The preoperative classification of pleomorphic adenomas (PMA) and Warthin tumors (WT) in the parotid gland plays an essential role in determining therapeutic strategies. This study aims to develop and validate an ultrasound-based ensemble machine learning (USEML) model, employing nonradiative and noninvasive features to differentiate PMA from WT.

Methods

A total of 203 patients with histologically confirmed PMA or WT who underwent parotidectomy from two centers were enrolled. Clinical factors, ultrasound (US) features, and radiomic features were extracted to develop three types of machine learning model: clinical models, US models, and USEML models. The diagnostic performance of the USEML model, as well as that of physicians based on experience, was evaluated and validated using receiver operating characteristic (ROC) curves in internal and external validation cohorts. DeLong’s test was used for comparisons of AUCs. SHAP values were also utilized to explain the classification model.

Results

The USEML model achieved the highest AUC of 0.891 (95% CI, 0.774–0.961), surpassing the AUCs of both the US (0.847; 95% CI, 0.720–0.932) and clinical (0.814; 95% CI, 0.682–0.908) models. The USEML model also outperformed physicians in both internal and external validation datasets (both p < 0.05). The sensitivity, specificity, negative predictive value, and positive predictive value of the USEML model and physician experience were 89.3%/75.0%, 87.5%/54.2%, 87.5%/65.6%, and 89.3%/65.0%, respectively.

Conclusions

The USEML model, incorporating clinical factors, ultrasound factors, and radiomic features, demonstrated efficient performance in distinguishing PMA from WT in the parotid gland.

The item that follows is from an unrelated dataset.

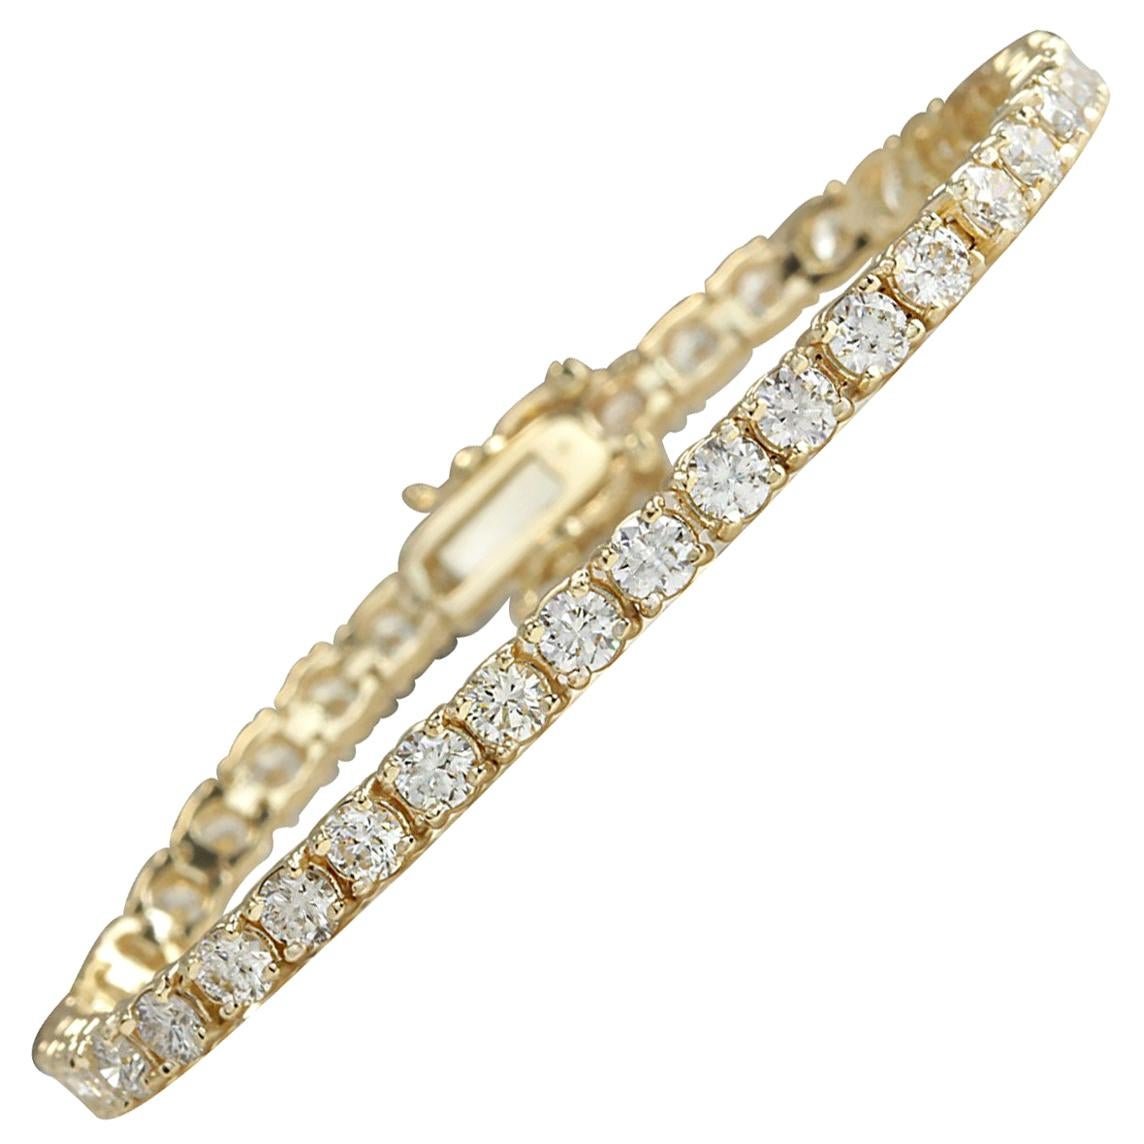 6.60 Carat Diamond Bracelet In 14 Karat Yellow Gold 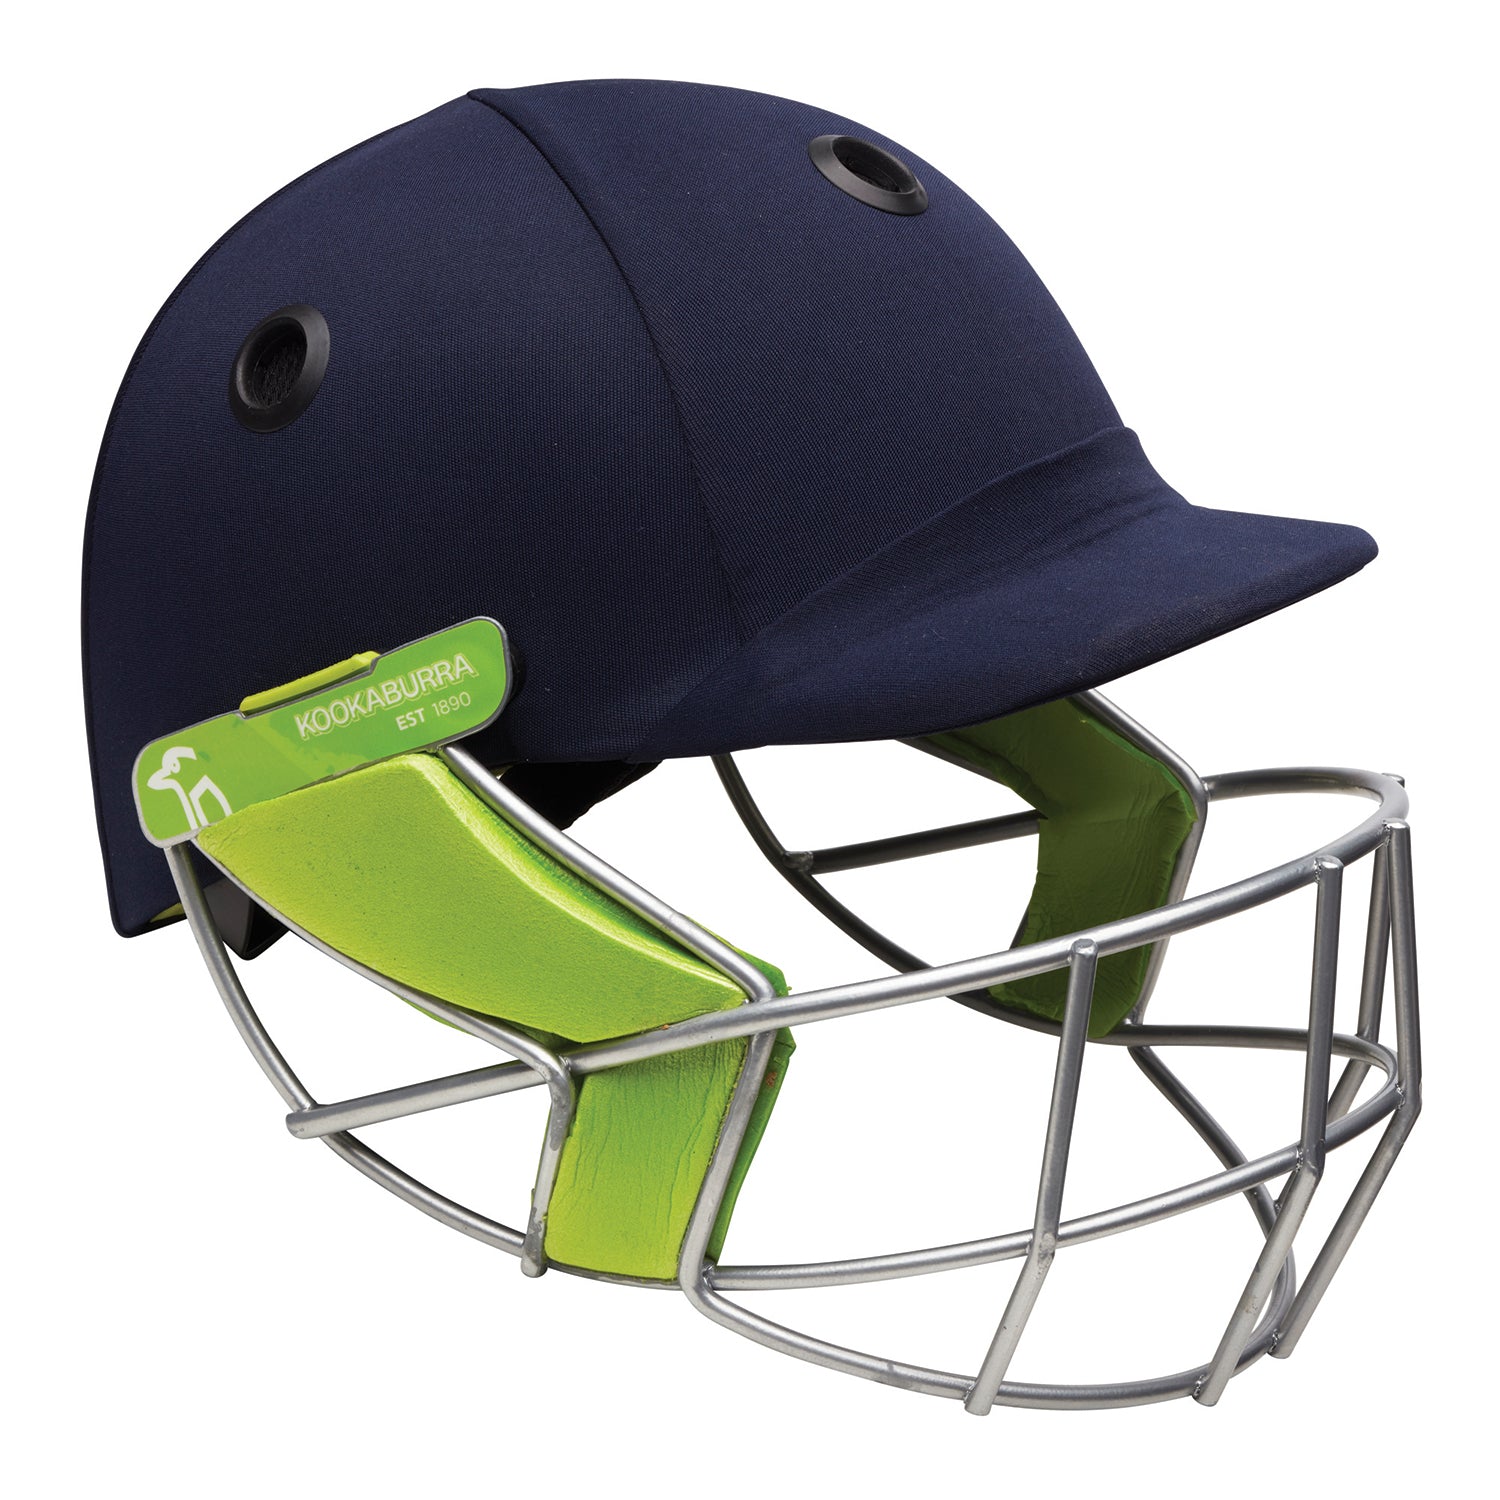 Kookaburra Pro 1500 Titanium Cricket Helmet Navy

Clinical relevance statement

This study developed a machine learning model for preoperative diagnosis of pleomorphic adenoma and Warthin tumor in the parotid gland based on clinical, ultrasound, and radiomic features. Furthermore, it outperformed physicians in an external validation dataset, indicating its potential for clinical application.

Key Points

Differentiating pleomorphic adenoma (PMA) and Warthin tumor (WT) affects management decisions and is currently done by invasive biopsy.

Integration of US-radiomic, clinical, and ultrasound findings in a machine learning model results in improved diagnostic accuracy.

The ultrasound-based ensemble machine learning (USEML) model consistently outperforms physicians, suggesting its potential applicability in clinical settings.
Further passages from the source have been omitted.